The thin mouth thinned even more. “He is nearly dead, Vicar. I expect him to be breathing his last by the time I arrive home. You did not ask about him before.”
“We will pray that he lasts a while longer,” Tysen said. “Ah, yes, Mrs. Bittley, I see a chair just over there. Meggie was just telling me that I should disclose to you, since you are all my very good friends and have only my best interests at heart, exactly how I went to Scotland and came home with a bride.”
“You went to Scotland, Vicar,” said Mrs. Padworthy, “because you inherited a Scottish title and a castle that likely is so old it is in ruins and smells of damp. You are now Lord Barthwick. That is why you went. You didn’t go there for any other reason at all.”

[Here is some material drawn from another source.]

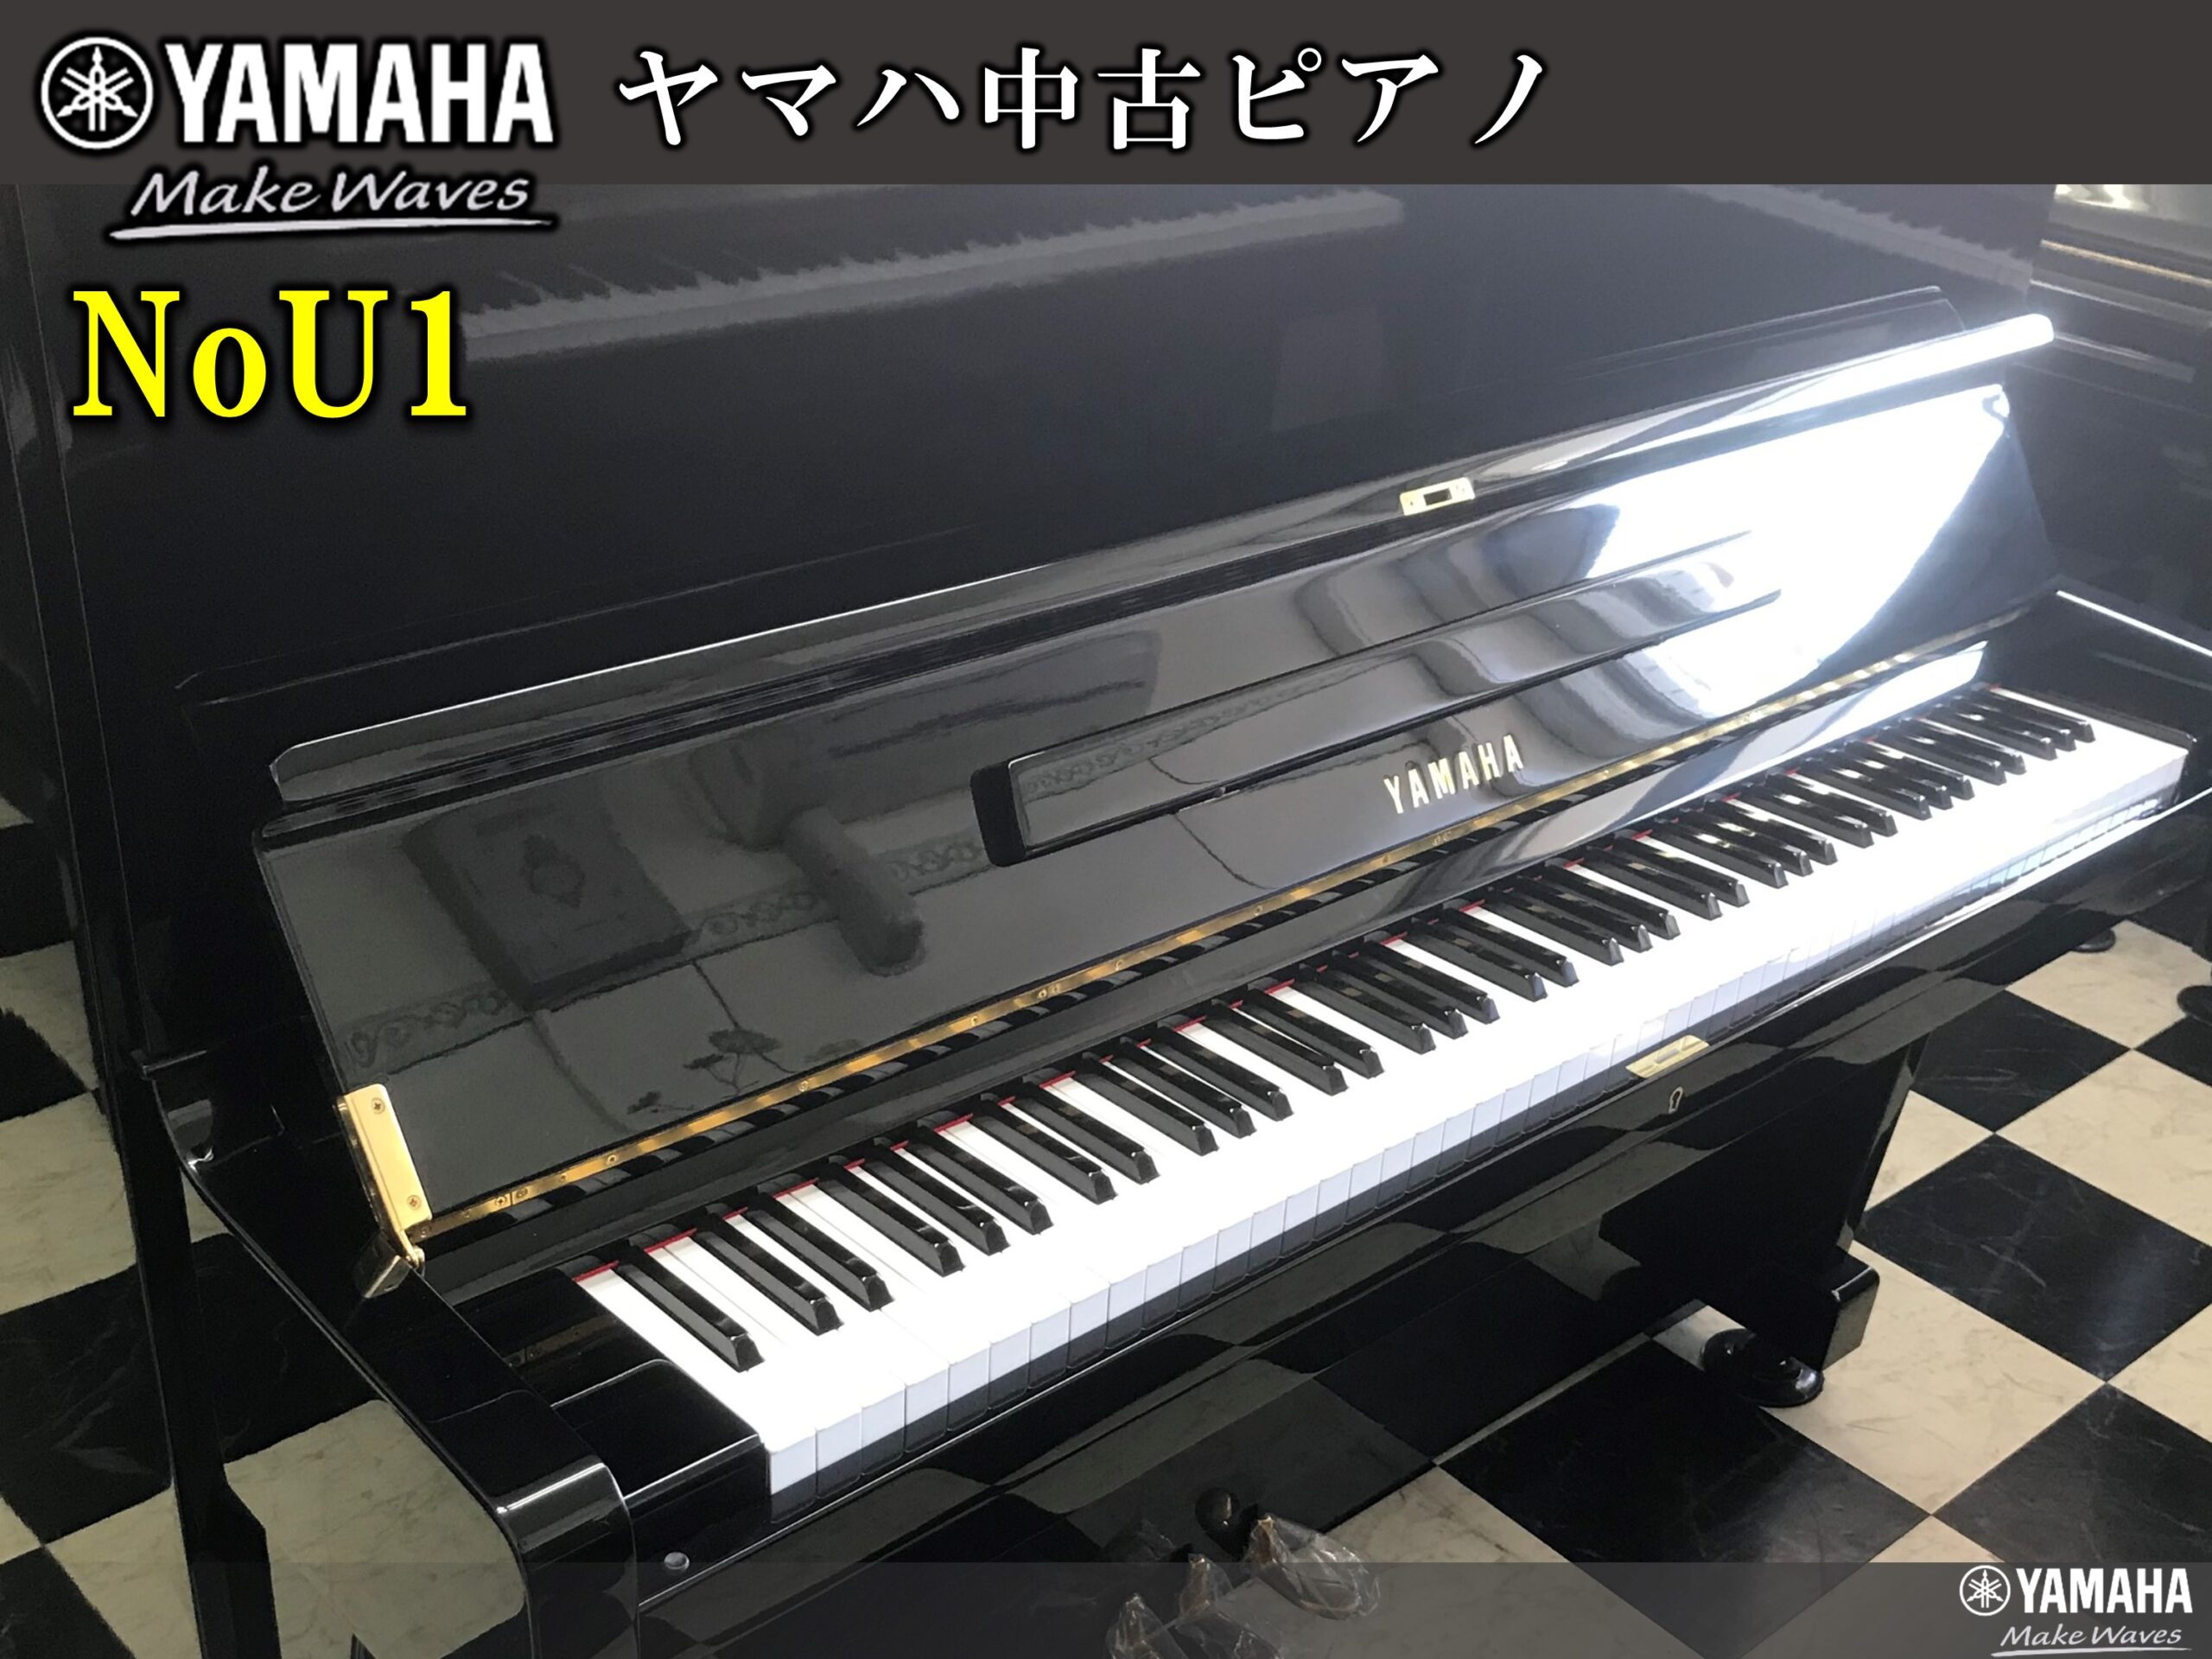 ヤマハ中古ピアノ NO,U1 | 福岡のヤマハ中古ピアノなら株式会社フカノ
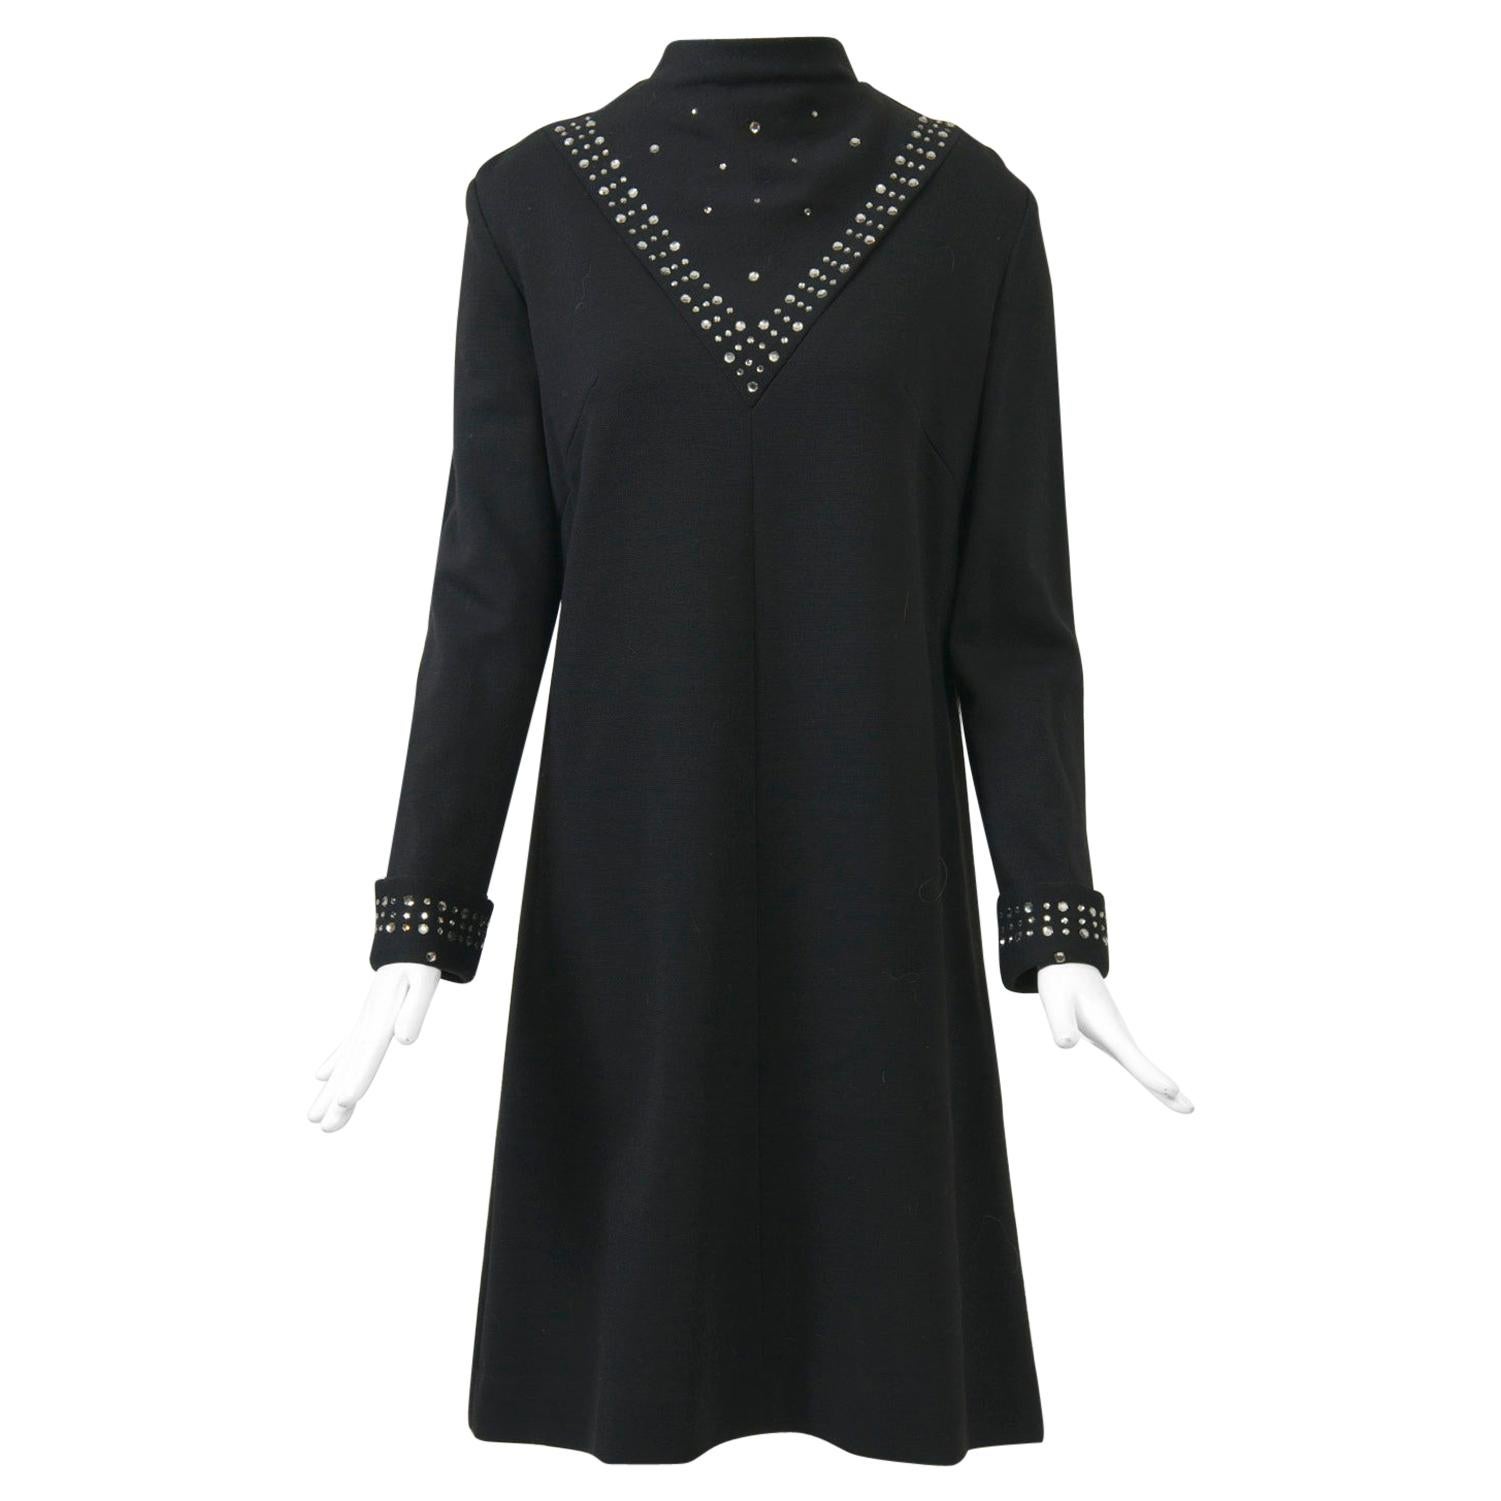 Black Knit Dress with Rhinestone Trim

He smiled at all of them, each one in turn. “True. However, I found, quite simply, that when I met Mary Rose I knew—yes, ladies, I knew all the way to my very soul—that she was special. It took me a very long time to convince her to marry me and live here with me in England. Her arguments were sound: she didn’t know anything about the English, for to her, you see, we are all foreigners, with different beliefs and manners, perhaps we even commit different sins, although she and I did not discuss any specifics.
“I assured her that everyone here would be delighted to meet her, to welcome her, to befriend her, for the English were a sunny-tempered race, very important since it rains here so very much, a gracious people, a kindly people. Ah, here I am going on and on and it isn’t Sunday, and thus this is not a sermon, just a devout plea from my heart for your understanding. Forgive me for disturbing you, ladies. I will remove myself and let you continue getting to know each other.”
He gave each of them an austere smile, the sort of Sunday smile, Mary Rose thought, that was aimed at people who were seriously considering committing major sins.
“This is very unlike you, Vicar,” Mrs. Padworthy said. “I shall tell my husband about your very lax conduct if he is still breathing when I return home. We will see what he has to say about all this.”